_Problem to work on_:
The entries should be written out again exactly as they read.

_The input_:
Content starts

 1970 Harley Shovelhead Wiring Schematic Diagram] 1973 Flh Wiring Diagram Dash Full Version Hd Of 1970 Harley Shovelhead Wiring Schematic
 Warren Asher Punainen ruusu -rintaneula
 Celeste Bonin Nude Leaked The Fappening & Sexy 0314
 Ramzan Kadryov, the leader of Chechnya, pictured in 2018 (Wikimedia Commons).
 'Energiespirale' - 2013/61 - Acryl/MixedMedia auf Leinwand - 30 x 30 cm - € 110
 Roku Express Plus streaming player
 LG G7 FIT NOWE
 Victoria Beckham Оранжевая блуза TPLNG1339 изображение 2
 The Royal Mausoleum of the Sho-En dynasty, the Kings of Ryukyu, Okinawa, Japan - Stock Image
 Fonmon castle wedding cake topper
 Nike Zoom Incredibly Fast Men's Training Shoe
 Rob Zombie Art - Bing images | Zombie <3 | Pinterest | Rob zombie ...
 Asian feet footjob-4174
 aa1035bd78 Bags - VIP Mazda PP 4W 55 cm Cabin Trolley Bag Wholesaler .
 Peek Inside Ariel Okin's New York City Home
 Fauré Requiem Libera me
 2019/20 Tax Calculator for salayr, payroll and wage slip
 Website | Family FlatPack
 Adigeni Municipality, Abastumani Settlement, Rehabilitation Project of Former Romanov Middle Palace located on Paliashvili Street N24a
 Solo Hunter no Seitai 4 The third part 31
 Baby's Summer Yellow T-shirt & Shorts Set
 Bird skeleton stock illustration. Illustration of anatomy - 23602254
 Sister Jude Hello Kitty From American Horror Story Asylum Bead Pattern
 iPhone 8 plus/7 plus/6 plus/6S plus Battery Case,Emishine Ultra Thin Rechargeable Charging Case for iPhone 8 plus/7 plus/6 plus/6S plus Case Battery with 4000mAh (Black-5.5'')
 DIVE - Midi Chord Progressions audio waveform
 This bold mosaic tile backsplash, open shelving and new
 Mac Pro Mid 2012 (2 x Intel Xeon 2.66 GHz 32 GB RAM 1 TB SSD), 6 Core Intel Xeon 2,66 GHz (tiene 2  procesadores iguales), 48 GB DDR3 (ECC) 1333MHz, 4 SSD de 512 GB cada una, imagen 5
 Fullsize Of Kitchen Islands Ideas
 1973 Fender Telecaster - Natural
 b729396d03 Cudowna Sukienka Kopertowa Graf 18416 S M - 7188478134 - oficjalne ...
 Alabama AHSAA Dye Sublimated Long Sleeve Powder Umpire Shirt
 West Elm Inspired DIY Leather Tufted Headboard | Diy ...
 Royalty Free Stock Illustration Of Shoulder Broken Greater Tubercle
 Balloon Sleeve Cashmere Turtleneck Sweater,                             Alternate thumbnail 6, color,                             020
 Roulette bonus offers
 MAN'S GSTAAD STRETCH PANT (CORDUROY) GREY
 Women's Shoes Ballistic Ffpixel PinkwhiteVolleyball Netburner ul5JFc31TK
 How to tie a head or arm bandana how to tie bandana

Content ends

_Written response_:
 1970 Harley Shovelhead Wiring Schematic Diagram] 1973 Flh Wiring Diagram Dash Full Version Hd Of 1970 Harley Shovelhead Wiring Schematic
 Warren Asher Punainen ruusu -rintaneula
 Celeste Bonin Nude Leaked The Fappening & Sexy 0314
 Ramzan Kadryov, the leader of Chechnya, pictured in 2018 (Wikimedia Commons).
 'Energiespirale' - 2013/61 - Acryl/MixedMedia auf Leinwand - 30 x 30 cm - € 110
 Roku Express Plus streaming player
 LG G7 FIT NOWE
 Victoria Beckham Оранжевая блуза TPLNG1339 изображение 2
 The Royal Mausoleum of the Sho-En dynasty, the Kings of Ryukyu, Okinawa, Japan - Stock Image
 Fonmon castle wedding cake topper
 Nike Zoom Incredibly Fast Men's Training Shoe
 Rob Zombie Art - Bing images | Zombie <3 | Pinterest | Rob zombie ...
 Asian feet footjob-4174
 aa1035bd78 Bags - VIP Mazda PP 4W 55 cm Cabin Trolley Bag Wholesaler .
 Peek Inside Ariel Okin's New York City Home
 Fauré Requiem Libera me
 2019/20 Tax Calculator for salayr, payroll and wage slip
 Website | Family FlatPack
 Adigeni Municipality, Abastumani Settlement, Rehabilitation Project of Former Romanov Middle Palace located on Paliashvili Street N24a
 Solo Hunter no Seitai 4 The third part 31
 Baby's Summer Yellow T-shirt & Shorts Set
 Bird skeleton stock illustration. Illustration of anatomy - 23602254
 Sister Jude Hello Kitty From American Horror Story Asylum Bead Pattern
 iPhone 8 plus/7 plus/6 plus/6S plus Battery Case,Emishine Ultra Thin Rechargeable Charging Case for iPhone 8 plus/7 plus/6 plus/6S plus Case Battery with 4000mAh (Black-5.5'')
 DIVE - Midi Chord Progressions audio waveform
 This bold mosaic tile backsplash, open shelving and new
 Mac Pro Mid 2012 (2 x Intel Xeon 2.66 GHz 32 GB RAM 1 TB SSD), 6 Core Intel Xeon 2,66 GHz (tiene 2  procesadores iguales), 48 GB DDR3 (ECC) 1333MHz, 4 SSD de 512 GB cada una, imagen 5
 Fullsize Of Kitchen Islands Ideas
 1973 Fender Telecaster - Natural
 b729396d03 Cudowna Sukienka Kopertowa Graf 18416 S M - 7188478134 - oficjalne ...
 Alabama AHSAA Dye Sublimated Long Sleeve Powder Umpire Shirt
 West Elm Inspired DIY Leather Tufted Headboard | Diy ...
 Royalty Free Stock Illustration Of Shoulder Broken Greater Tubercle
 Balloon Sleeve Cashmere Turtleneck Sweater,                             Alternate thumbnail 6, color,                             020
 Roulette bonus offers
 MAN'S GSTAAD STRETCH PANT (CORDUROY) GREY
 Women's Shoes Ballistic Ffpixel PinkwhiteVolleyball Netburner ul5JFc31TK
 How to tie a head or arm bandana how to tie bandana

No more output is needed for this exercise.